- Opening Delimiter -
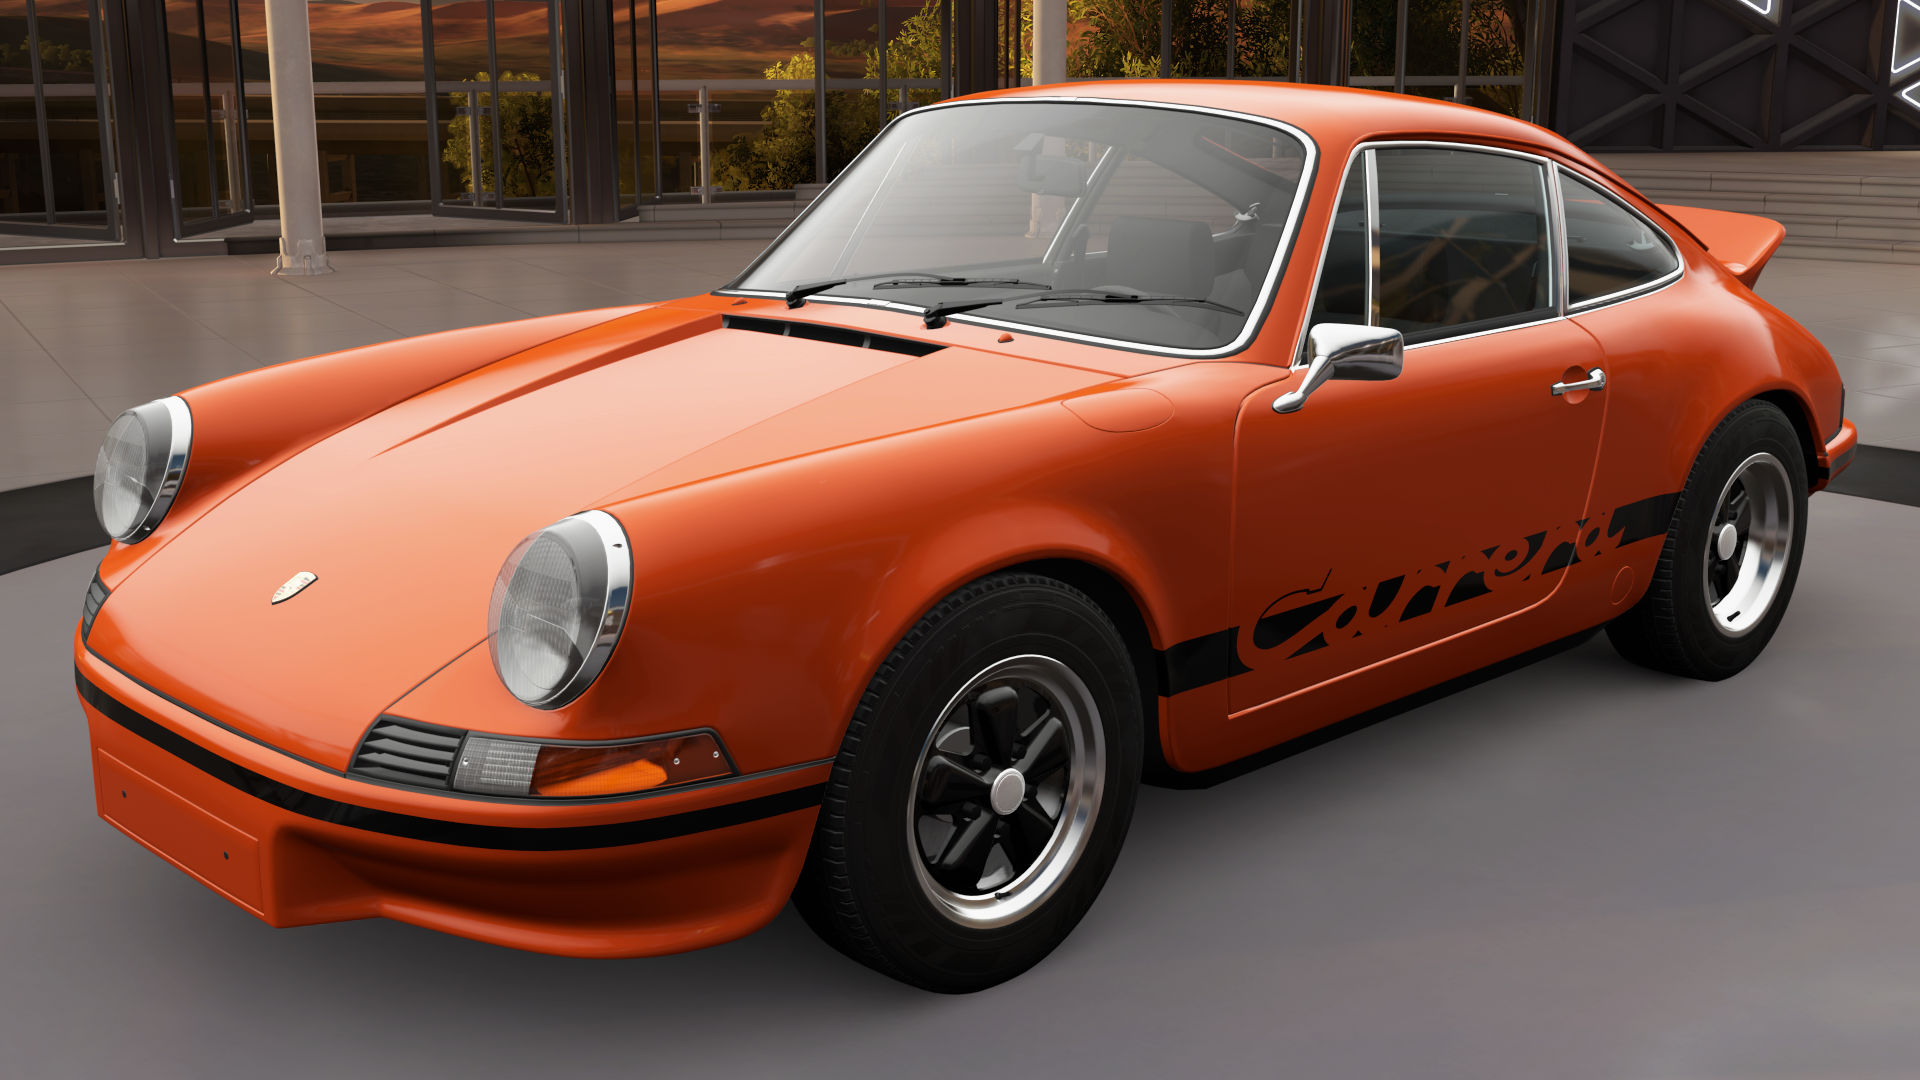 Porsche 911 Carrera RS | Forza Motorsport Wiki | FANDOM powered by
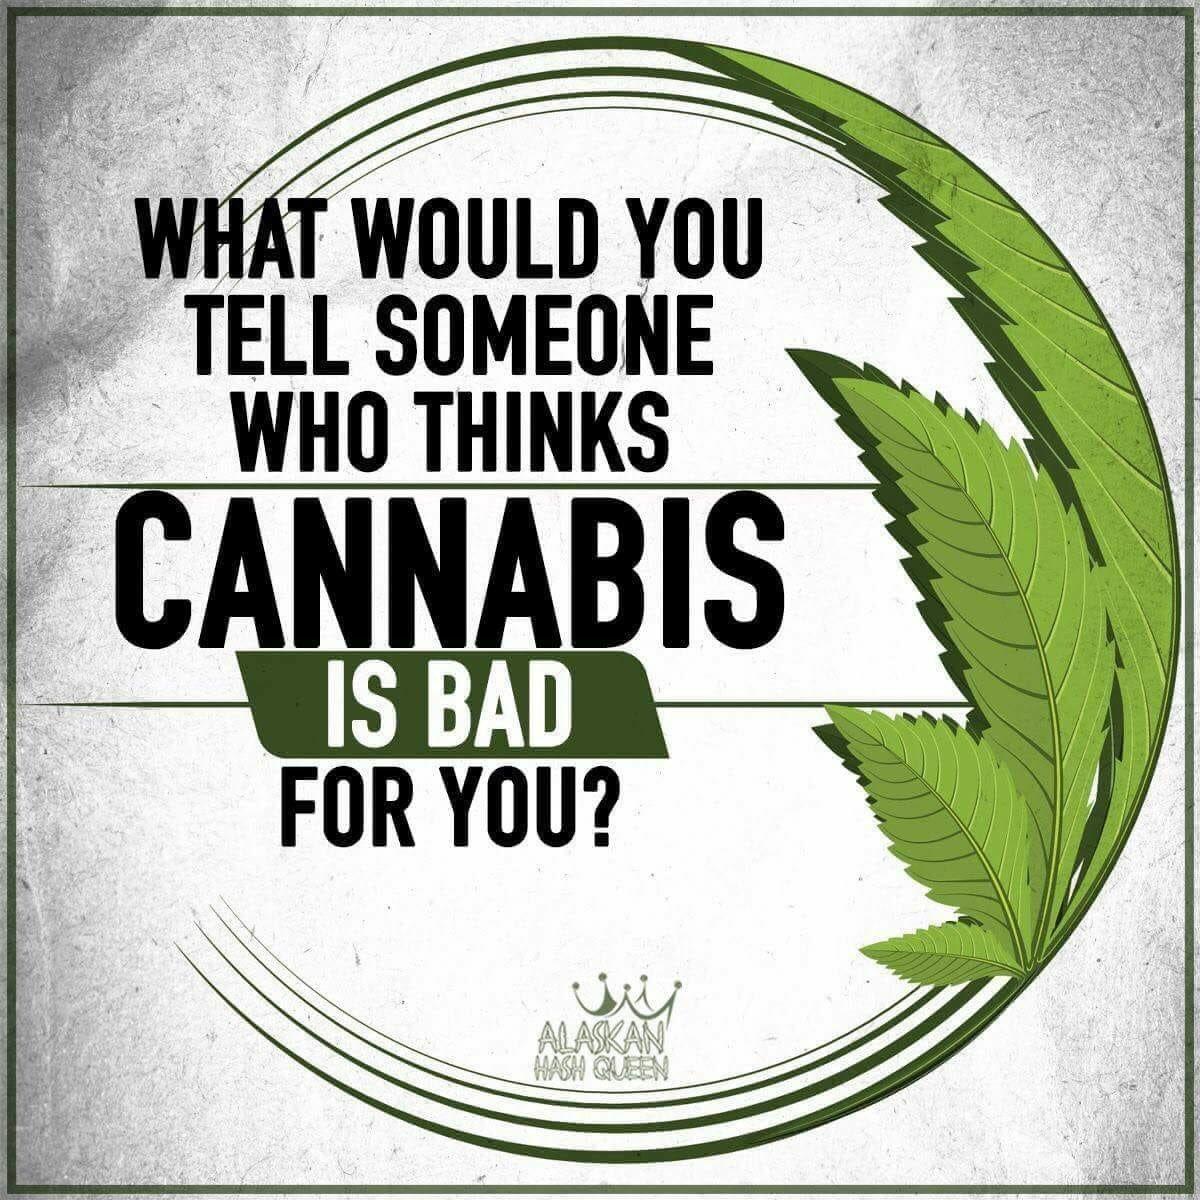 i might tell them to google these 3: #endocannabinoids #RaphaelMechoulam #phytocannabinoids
- Closing Delimiter -
- Opening Delimiter -
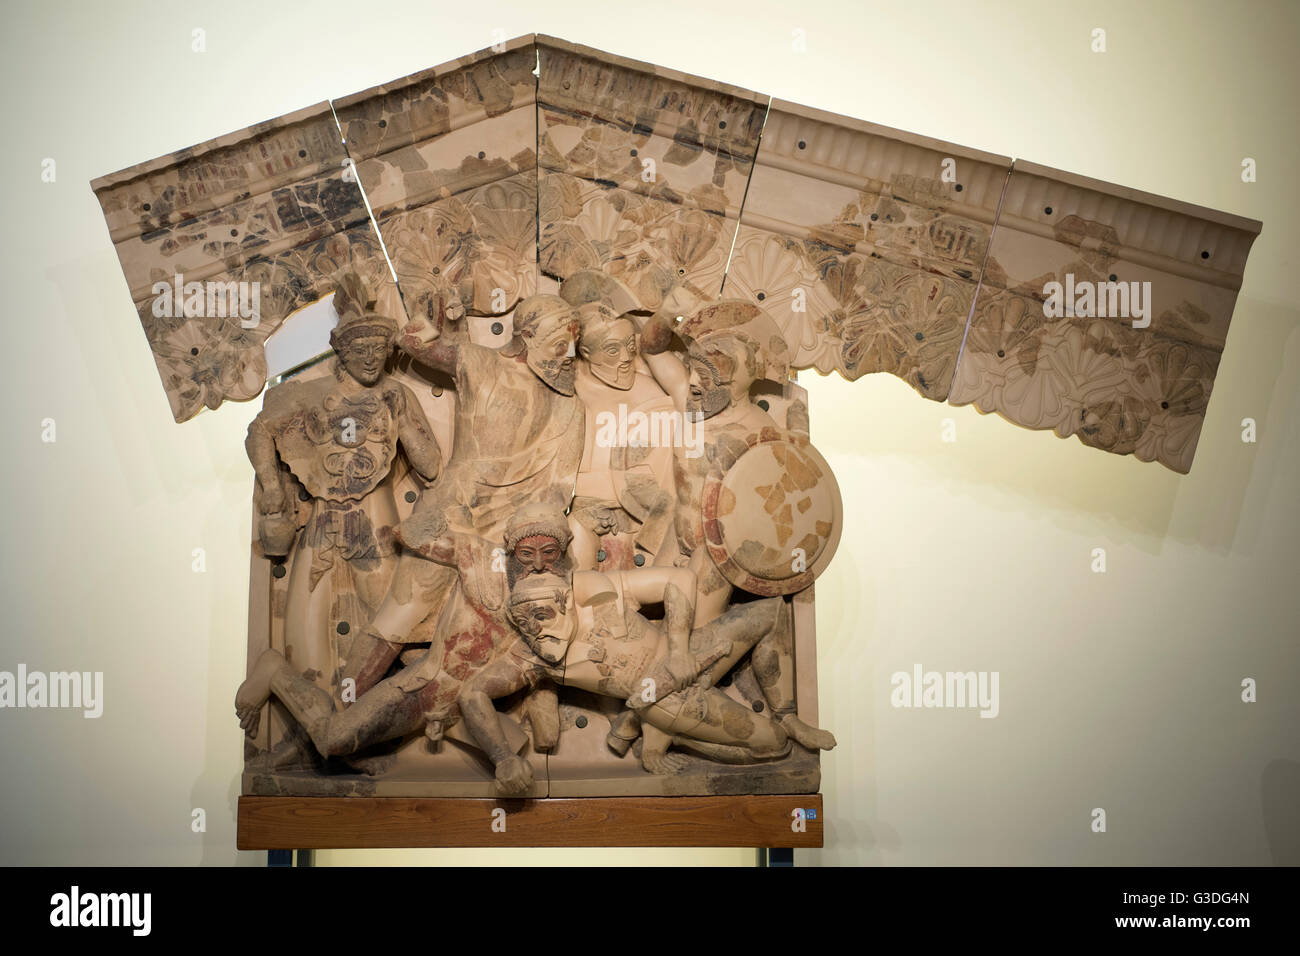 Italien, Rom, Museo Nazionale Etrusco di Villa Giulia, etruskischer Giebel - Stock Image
- Closing Delimiter -
- Task brief -
Above are entries with pictures among them. Write out exactly the lines from the one containing "Porsche 911 Carrera" through the one containing "i might tell", ends included, and leave those pictures out.

- Problem solution -
 Porsche 911 Carrera RS | Forza Motorsport Wiki | FANDOM powered by
 i might tell them to google these 3: #endocannabinoids #RaphaelMechoulam #phytocannabinoids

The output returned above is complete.